Lemma fold_unfold_power_v0_S :
forall x n' : nat,
power_v0 x (S n') =
x * (power_v0 x n').
Proof.
fold_unfold_tactic power_v0.
Qed.
Implement a tail-recursive version of the power function that uses an accumulator and prove its equivalence with the implementation in Exercise 15.
See the accompanying .v file for how this solution comes about.
It all starts with the lambda-lifted implementation of the power function with an accumulator:
Fixpoint power_v1_aux (x n a : nat) : nat :=
match n with
O =>
a
| S n' =>
power_v1_aux x n' (x * a)
end.
Definition power_v1 (x n : nat) : nat :=
power_v1_aux x n 1.
Since power_v1_aux is recursive, we equip it with two fold-unfold lemmas, one for O and one for S:
Lemma fold_unfold_power_v1_aux_O :
forall x a : nat,
power_v1_aux x 0 a =
a.
Proof.
fold_unfold_tactic power_v1_aux.
Qed.
Lemma fold_unfold_power_v1_aux_S :
forall x n' a : nat,
power_v1_aux x (S n') a =
power_v1_aux x n' (x * a).
Proof.
fold_unfold_tactic power_v1_aux.
Qed.
We are now equipped to reason equationally about these two implementations to prove their equivalence:
Theorem power_v0_and_power_v1_are_equivalent :
forall x n : nat,
power_v0 x n = power_v1 x n.
Proof.
intros x n.
The first step is to obtain a goal that solely concerns functions that are defined recursively. Here, this is achieved by unfolding the call to power_v1:
unfold power_v1.
The *goal* window reads:
x, n : nat
============================
power_v0 x n = power_v1_aux x n 1
As a rule, the main theorem is about the main function(s) and it is proved as a corollary of an auxiliary lemma which is about the auxiliary functions. Here we need to relate power_v0 and power_v1_aux, which can only be done by suitably combining power_v0 x n and a in the left-hand side of the goal:
Lemma power_v0_and_power_v1_are_equivalent_aux :
forall x n a : nat,
suitable_combination (power_v0 x n) a = power_v1_aux x n a.
Proof.
But what is this suitable combination?
At this point of this kind of proof, there is nothing else to do but contemplate the situation. For example, we can make the following observations:
These observations suggest (Aha!) that a suitable combination is likely to be power_v0 x n * a:
Lemma power_v0_and_power_v1_are_equivalent_aux :
forall x n a : nat,
power_v0 x n * a = power_v1_aux x n a.
This eureka lemma is proved by induction on n, using the Light of Inductil, i.e., by introducing a in the base case and in the induction step:
Proof.
intros x n.
induction n as [ | n' IHn'].
- intro a.
The *goals* window reads:
x, a : nat
============================
power_v0 x 0 * a = power_v1_aux x 0 a
In this base case, We can use the fold-unfold lemmas for the O case:
rewrite -> (fold_unfold_power_v0_O x).
rewrite -> (fold_unfold_power_v1_aux_O x a).
The *goals* window reads:
x, a : nat
============================
1 * a = a
The goal is an instance of Nat.mul_1_l:
exact (Nat.mul_1_l a).
- intro a.
In this induction step, we can use the fold-unfold lemmas for the S case:
rewrite -> (fold_unfold_power_v0_S x n').
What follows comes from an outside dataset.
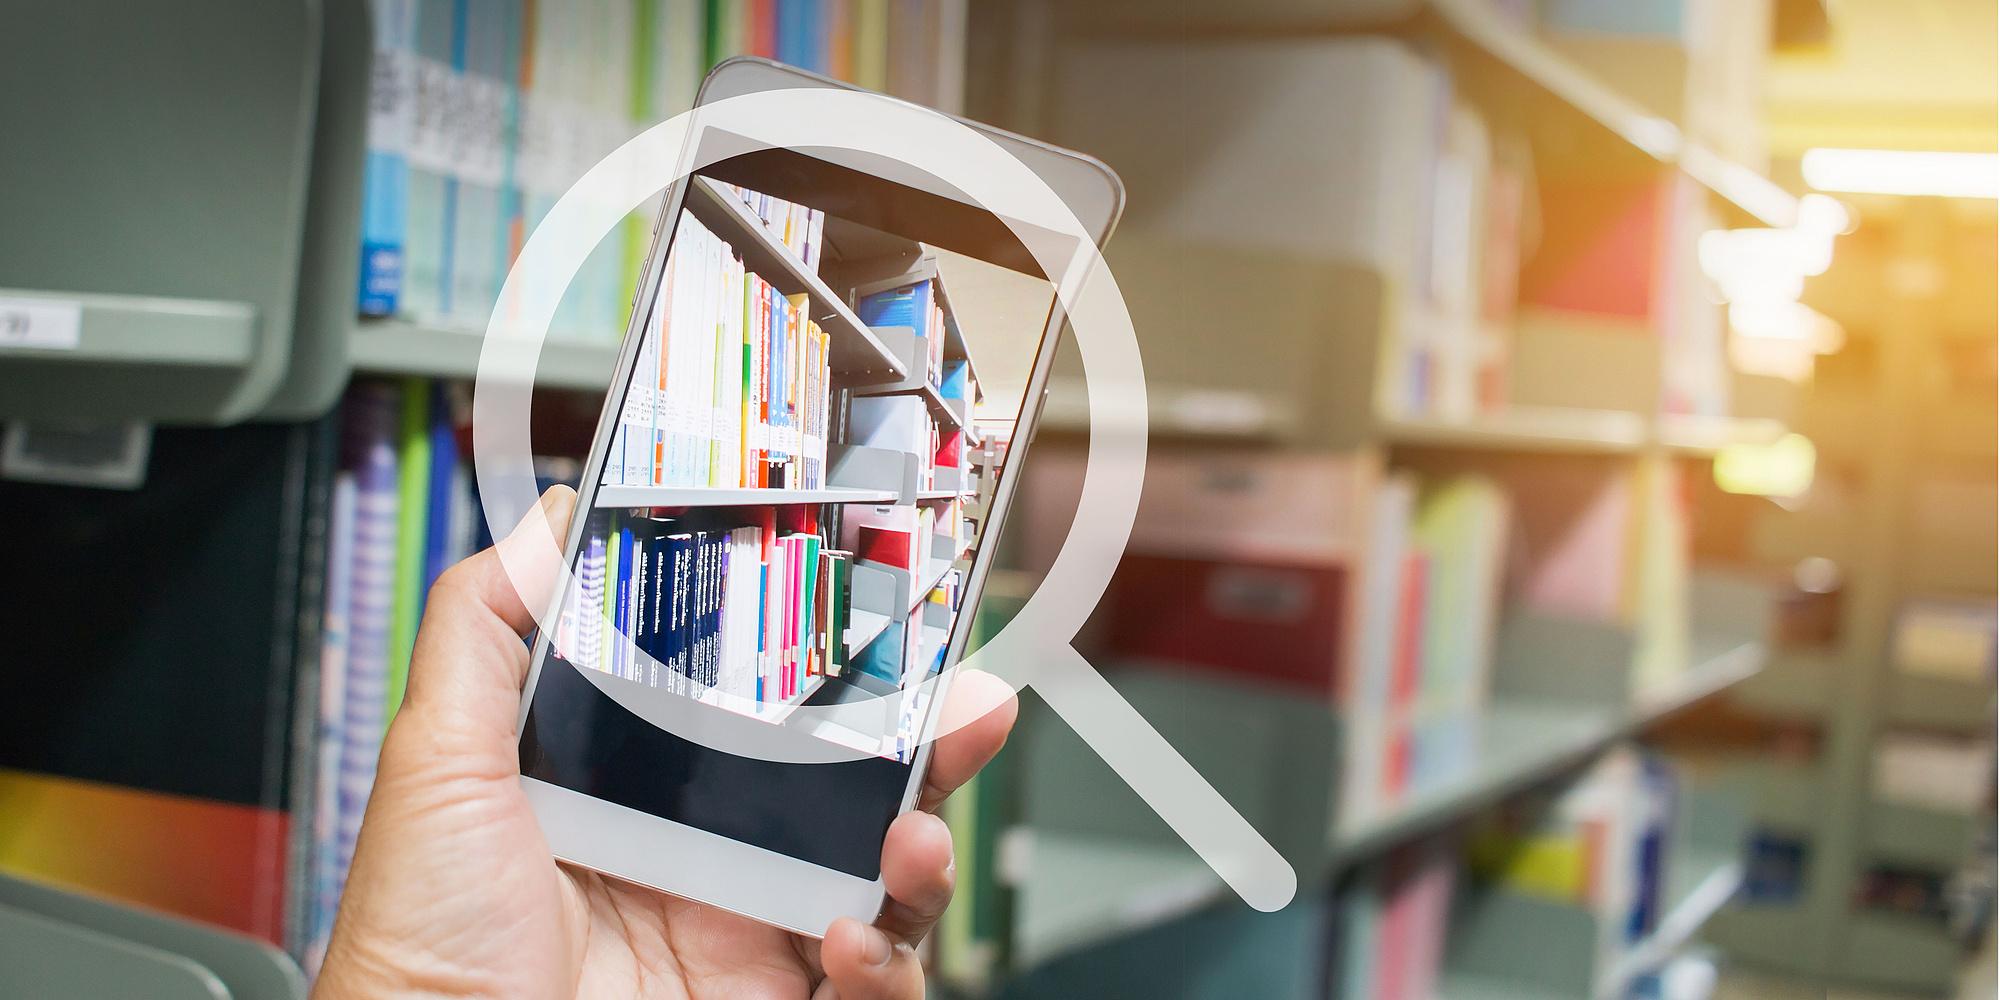 Bücher auf einem Handydisplay

rewrite -> (fold_unfold_power_v1_aux_S x n' a).
The *goals* window reads:
x, n' : nat
IHn' : forall a : nat, power_v0 x n' * a = power_v1_aux x n' a
a : nat
============================
x * power_v0 x n' * a = power_v1_aux x n' (x * a)
The right-hand side of the goal can be obtained in an instance of the induction hypothesis:
Check (IHn' (x * a)).
Indeed the *response* window reads:
IHn' (x * a)
: power_v0 x n' * (x * a) = power_v1_aux x n' (x * a)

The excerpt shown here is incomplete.